THE PROBLEM → Retype the whole listing verbatim and keep the pictures out of it.

═════ SUPPLIED INFORMATION

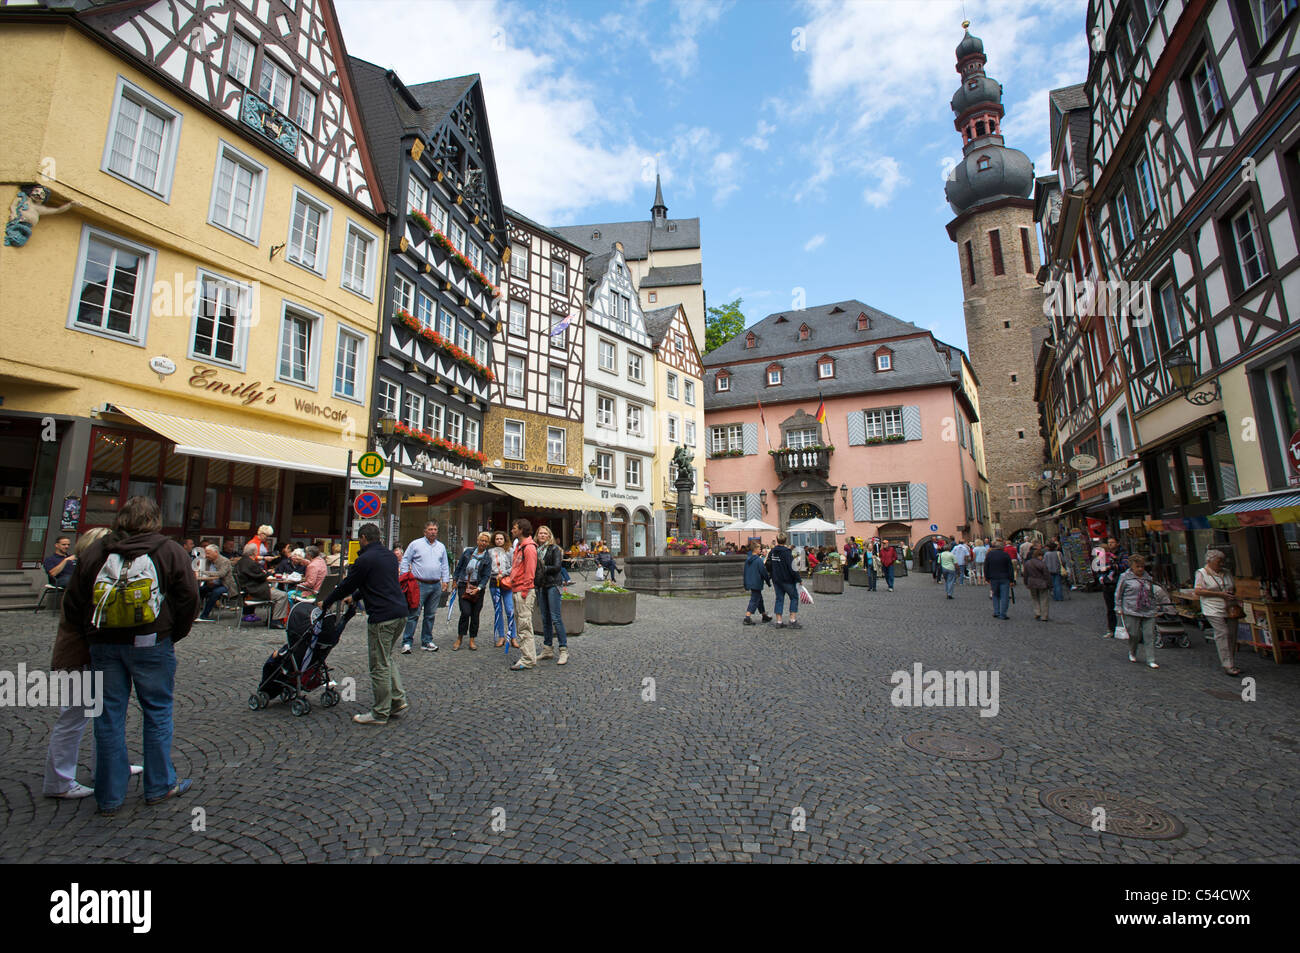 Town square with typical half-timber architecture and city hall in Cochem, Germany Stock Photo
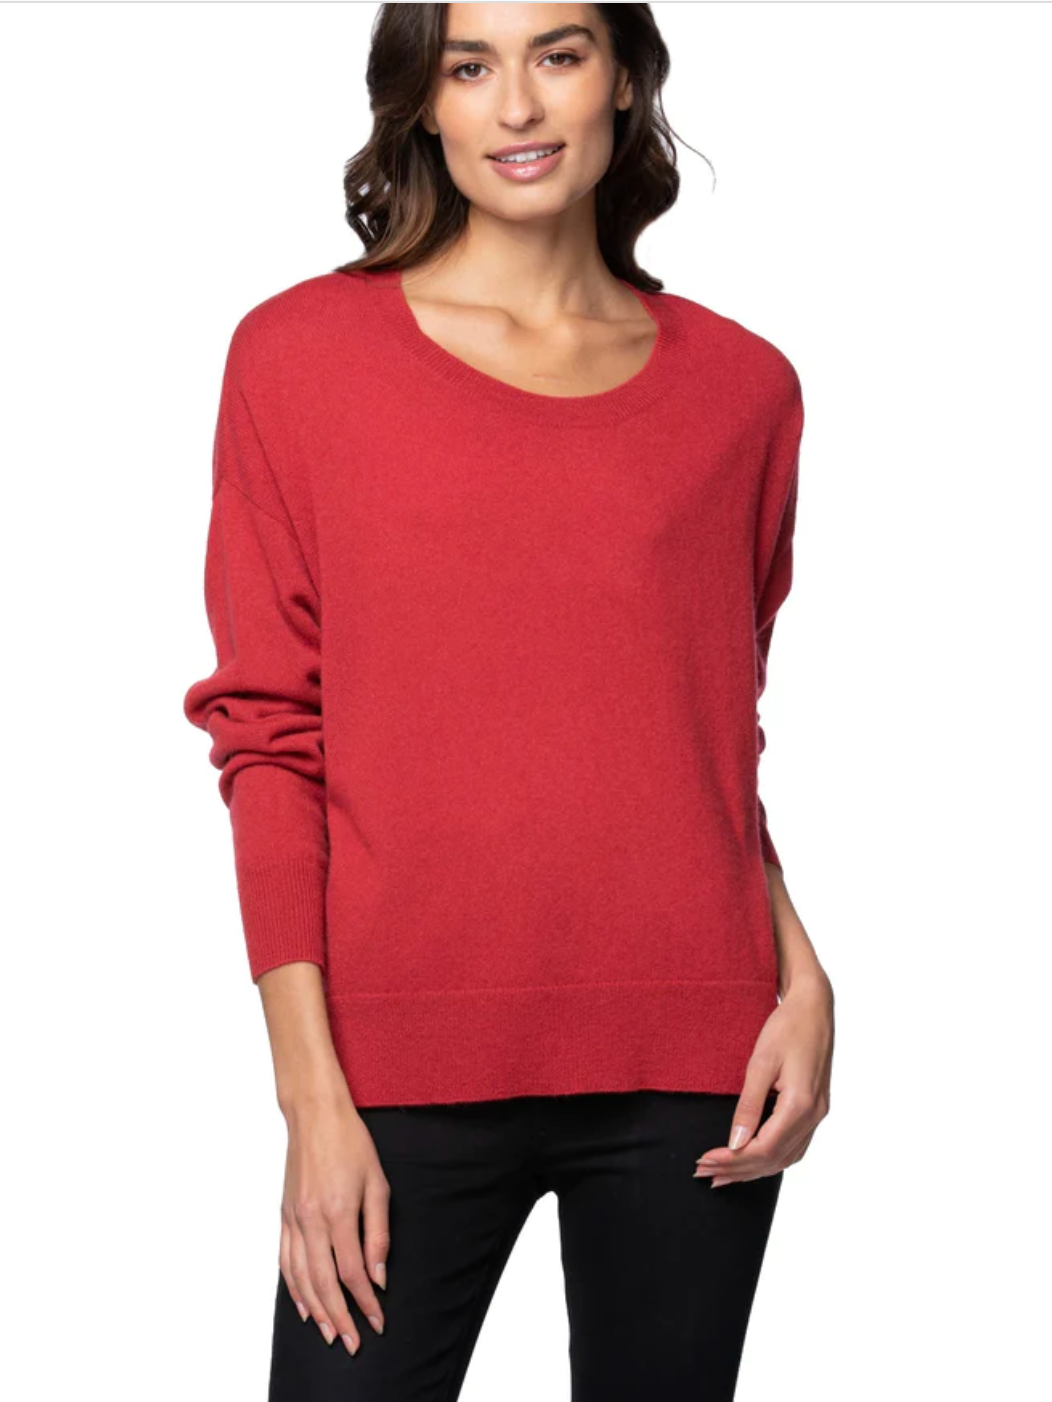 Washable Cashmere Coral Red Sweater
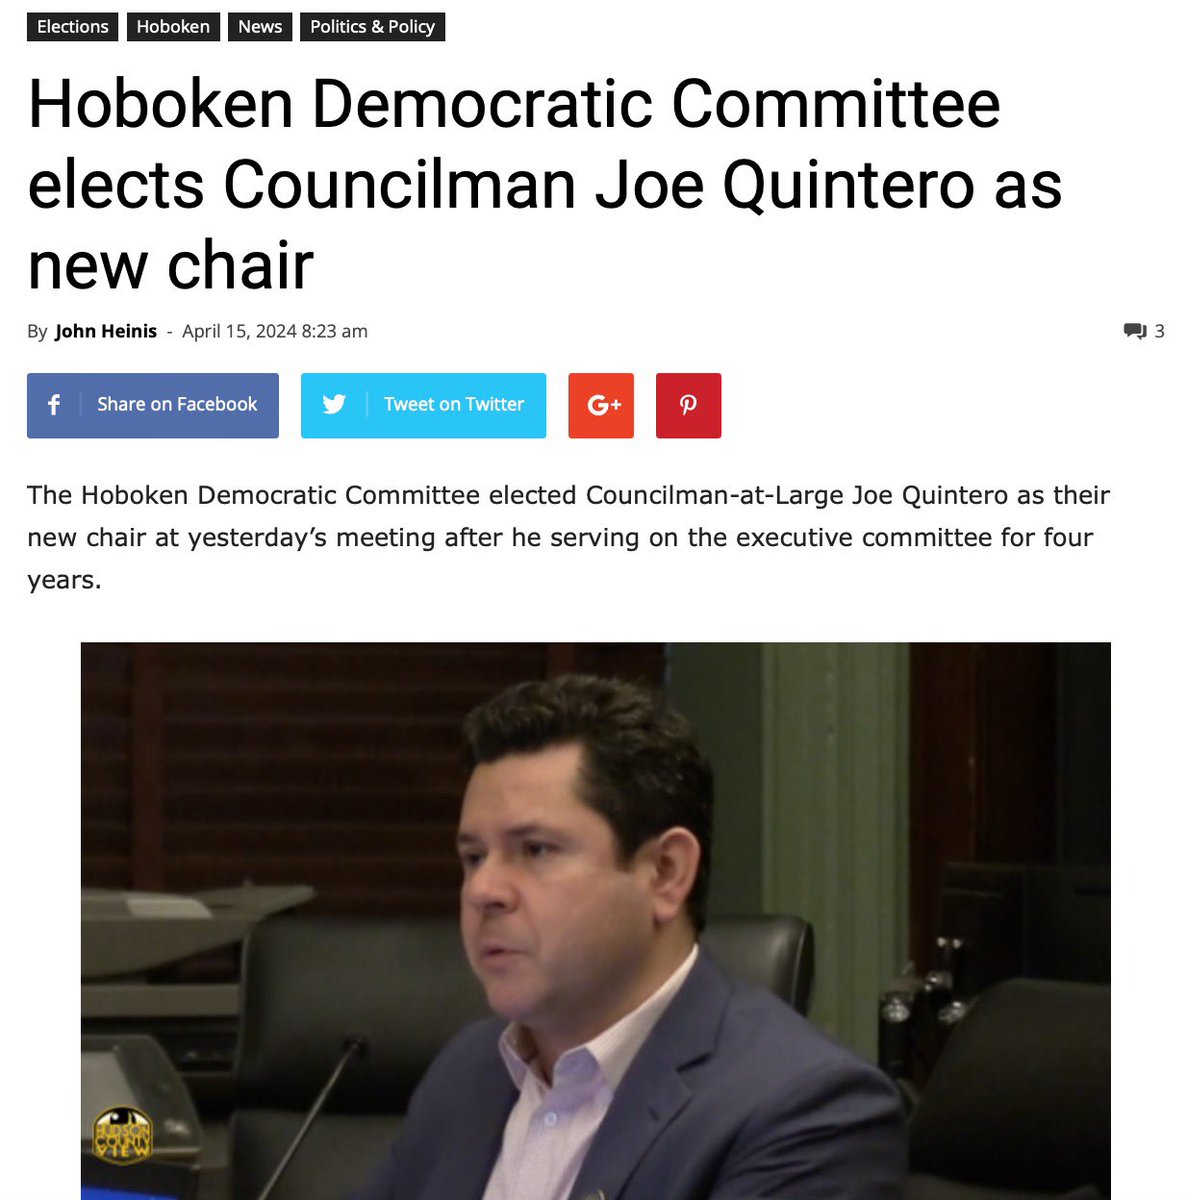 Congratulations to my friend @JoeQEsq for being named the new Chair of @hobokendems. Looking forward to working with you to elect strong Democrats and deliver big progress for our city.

══════════

REPLY TO THE EXERCISE →
 Town square with typical half-timber architecture and city hall in Cochem, Germany Stock Photo
 Washable Cashmere Coral Red Sweater
 Congratulations to my friend @JoeQEsq for being named the new Chair of @hobokendems. Looking forward to working with you to elect strong Democrats and deliver big progress for our city.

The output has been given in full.